⟨

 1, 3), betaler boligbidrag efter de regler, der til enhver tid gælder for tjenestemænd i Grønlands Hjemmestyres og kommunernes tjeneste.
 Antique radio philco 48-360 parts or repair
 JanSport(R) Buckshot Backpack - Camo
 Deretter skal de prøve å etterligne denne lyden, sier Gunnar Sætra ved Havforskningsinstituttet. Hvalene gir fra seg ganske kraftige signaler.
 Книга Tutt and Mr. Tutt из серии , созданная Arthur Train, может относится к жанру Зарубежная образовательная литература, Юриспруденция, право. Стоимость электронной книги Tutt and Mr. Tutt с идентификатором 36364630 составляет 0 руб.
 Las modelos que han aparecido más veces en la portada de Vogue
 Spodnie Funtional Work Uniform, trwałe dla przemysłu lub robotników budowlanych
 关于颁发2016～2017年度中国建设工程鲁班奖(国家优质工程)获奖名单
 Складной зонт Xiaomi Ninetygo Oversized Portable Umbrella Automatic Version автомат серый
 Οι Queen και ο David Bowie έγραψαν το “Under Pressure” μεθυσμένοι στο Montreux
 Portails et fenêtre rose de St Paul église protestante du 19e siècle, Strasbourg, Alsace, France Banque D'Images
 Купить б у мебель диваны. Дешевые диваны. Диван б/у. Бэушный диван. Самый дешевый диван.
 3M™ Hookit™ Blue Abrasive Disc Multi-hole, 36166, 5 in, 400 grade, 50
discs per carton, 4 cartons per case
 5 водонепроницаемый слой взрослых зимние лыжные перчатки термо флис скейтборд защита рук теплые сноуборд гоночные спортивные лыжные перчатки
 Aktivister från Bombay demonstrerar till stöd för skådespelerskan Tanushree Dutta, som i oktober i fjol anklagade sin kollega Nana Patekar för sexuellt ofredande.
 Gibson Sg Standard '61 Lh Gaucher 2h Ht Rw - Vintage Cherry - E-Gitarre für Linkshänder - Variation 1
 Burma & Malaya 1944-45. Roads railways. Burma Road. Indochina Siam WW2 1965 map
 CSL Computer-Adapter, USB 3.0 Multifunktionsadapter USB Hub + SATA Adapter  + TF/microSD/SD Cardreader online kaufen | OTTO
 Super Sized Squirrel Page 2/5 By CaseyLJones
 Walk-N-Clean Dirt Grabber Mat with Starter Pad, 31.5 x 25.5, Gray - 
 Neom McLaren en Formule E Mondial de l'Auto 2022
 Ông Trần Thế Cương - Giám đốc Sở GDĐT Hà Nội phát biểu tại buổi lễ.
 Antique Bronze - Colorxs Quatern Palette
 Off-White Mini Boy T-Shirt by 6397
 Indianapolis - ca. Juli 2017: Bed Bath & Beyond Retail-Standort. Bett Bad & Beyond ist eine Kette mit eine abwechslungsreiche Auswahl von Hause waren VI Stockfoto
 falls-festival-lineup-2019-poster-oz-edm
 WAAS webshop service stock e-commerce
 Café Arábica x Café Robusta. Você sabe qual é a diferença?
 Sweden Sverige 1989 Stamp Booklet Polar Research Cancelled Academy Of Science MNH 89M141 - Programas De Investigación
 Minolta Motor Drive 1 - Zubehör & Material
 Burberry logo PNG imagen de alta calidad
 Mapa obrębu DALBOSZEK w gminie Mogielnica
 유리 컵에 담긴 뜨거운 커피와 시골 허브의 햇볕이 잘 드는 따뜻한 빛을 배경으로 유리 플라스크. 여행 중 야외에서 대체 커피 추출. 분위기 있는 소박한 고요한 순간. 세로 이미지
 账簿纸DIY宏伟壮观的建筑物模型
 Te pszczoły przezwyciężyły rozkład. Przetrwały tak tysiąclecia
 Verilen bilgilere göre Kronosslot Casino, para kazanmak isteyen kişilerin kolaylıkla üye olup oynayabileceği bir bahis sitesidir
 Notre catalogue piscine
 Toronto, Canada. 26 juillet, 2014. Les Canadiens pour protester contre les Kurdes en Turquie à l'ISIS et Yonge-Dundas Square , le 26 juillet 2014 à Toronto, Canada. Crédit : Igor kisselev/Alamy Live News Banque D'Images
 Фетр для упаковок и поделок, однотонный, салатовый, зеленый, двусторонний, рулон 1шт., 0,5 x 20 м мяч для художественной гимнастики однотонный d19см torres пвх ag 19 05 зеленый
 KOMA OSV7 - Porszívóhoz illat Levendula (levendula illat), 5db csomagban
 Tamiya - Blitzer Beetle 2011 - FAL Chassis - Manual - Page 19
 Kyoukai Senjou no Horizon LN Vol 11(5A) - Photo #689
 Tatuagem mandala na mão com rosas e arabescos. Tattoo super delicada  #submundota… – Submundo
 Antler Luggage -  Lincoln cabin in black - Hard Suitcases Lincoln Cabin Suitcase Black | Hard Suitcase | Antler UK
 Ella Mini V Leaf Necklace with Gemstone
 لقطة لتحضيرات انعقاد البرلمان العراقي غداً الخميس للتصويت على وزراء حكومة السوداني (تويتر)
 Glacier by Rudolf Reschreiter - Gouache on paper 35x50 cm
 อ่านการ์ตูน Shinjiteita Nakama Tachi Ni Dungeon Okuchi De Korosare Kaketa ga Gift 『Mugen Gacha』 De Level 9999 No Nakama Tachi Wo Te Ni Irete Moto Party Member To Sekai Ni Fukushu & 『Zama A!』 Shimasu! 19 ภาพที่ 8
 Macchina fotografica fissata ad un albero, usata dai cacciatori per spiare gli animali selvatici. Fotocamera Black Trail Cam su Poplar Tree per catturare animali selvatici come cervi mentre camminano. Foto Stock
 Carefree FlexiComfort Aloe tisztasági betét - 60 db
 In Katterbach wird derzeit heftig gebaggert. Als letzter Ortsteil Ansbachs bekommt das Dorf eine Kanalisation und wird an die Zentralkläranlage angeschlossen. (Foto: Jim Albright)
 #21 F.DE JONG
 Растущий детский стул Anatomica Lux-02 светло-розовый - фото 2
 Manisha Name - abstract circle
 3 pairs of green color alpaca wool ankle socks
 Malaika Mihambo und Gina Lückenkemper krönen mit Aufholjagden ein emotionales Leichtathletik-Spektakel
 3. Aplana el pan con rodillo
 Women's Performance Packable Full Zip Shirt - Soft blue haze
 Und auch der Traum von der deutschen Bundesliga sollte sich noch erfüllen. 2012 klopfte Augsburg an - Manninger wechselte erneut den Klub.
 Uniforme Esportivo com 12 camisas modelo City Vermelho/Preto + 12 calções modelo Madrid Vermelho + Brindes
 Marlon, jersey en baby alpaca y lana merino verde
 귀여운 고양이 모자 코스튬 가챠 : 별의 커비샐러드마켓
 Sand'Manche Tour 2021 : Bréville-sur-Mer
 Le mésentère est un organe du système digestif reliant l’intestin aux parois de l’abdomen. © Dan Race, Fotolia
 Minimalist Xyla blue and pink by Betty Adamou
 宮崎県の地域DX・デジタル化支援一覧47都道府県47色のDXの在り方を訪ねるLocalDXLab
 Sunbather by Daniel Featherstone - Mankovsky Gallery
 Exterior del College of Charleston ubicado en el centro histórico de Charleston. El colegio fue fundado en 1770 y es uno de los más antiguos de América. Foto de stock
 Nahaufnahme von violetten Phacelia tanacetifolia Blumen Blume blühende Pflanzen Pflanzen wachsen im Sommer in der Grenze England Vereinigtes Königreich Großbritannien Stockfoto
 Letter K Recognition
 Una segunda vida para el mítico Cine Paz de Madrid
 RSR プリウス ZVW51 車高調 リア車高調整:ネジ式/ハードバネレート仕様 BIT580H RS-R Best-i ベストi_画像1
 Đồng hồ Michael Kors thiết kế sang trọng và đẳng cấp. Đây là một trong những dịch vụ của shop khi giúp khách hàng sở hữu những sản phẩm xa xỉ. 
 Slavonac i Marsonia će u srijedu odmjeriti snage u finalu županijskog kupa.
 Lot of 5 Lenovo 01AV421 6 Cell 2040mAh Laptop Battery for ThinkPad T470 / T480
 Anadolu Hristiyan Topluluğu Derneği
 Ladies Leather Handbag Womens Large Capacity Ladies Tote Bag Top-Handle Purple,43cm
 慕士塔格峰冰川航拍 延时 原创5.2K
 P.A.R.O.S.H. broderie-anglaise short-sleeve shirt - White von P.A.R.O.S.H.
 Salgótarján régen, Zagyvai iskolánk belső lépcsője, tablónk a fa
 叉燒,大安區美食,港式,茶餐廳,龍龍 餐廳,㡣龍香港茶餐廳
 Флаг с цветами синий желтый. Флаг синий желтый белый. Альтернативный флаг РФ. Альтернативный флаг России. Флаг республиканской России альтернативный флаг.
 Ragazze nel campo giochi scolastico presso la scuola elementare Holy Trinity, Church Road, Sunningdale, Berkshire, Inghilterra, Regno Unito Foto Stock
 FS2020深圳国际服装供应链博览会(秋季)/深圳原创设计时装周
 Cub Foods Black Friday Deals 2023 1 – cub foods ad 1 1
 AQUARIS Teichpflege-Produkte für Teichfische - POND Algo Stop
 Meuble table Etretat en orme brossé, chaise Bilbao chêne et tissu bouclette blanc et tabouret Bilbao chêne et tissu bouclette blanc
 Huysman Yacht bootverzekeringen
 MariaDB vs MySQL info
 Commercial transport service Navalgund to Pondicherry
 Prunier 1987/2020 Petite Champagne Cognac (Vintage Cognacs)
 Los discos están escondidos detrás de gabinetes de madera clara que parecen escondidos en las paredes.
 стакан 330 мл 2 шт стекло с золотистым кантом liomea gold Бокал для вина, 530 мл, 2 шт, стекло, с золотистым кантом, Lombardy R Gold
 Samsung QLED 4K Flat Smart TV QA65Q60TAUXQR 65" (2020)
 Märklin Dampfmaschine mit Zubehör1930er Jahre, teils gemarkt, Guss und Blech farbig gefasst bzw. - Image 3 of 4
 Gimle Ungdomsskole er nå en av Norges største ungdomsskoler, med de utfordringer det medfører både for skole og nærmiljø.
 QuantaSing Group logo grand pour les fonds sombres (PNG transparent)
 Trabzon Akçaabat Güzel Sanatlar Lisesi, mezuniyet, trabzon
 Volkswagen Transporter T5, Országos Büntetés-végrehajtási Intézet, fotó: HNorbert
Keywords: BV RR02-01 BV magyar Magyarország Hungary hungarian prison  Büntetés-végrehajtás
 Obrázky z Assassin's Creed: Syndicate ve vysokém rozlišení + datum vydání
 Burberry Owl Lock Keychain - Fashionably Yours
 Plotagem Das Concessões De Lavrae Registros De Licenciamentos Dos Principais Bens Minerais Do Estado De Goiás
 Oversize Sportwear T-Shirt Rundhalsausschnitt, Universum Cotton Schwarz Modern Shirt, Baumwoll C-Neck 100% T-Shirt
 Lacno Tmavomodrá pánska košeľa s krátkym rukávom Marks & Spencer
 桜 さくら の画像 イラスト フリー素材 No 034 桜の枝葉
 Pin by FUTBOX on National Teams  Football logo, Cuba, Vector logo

⟩

◆ WORK INSTRUCTION ◆
Using the data above, reproduce exactly the lines from the line that contains "Купить б у мебель" through the line that contains "Aktivister från Bombay", including both.

◆ EXERCISE ANSWER ◆
 Купить б у мебель диваны. Дешевые диваны. Диван б/у. Бэушный диван. Самый дешевый диван.
 3M™ Hookit™ Blue Abrasive Disc Multi-hole, 36166, 5 in, 400 grade, 50
discs per carton, 4 cartons per case
 5 водонепроницаемый слой взрослых зимние лыжные перчатки термо флис скейтборд защита рук теплые сноуборд гоночные спортивные лыжные перчатки
 Aktivister från Bombay demonstrerar till stöd för skådespelerskan Tanushree Dutta, som i oktober i fjol anklagade sin kollega Nana Patekar för sexuellt ofredande.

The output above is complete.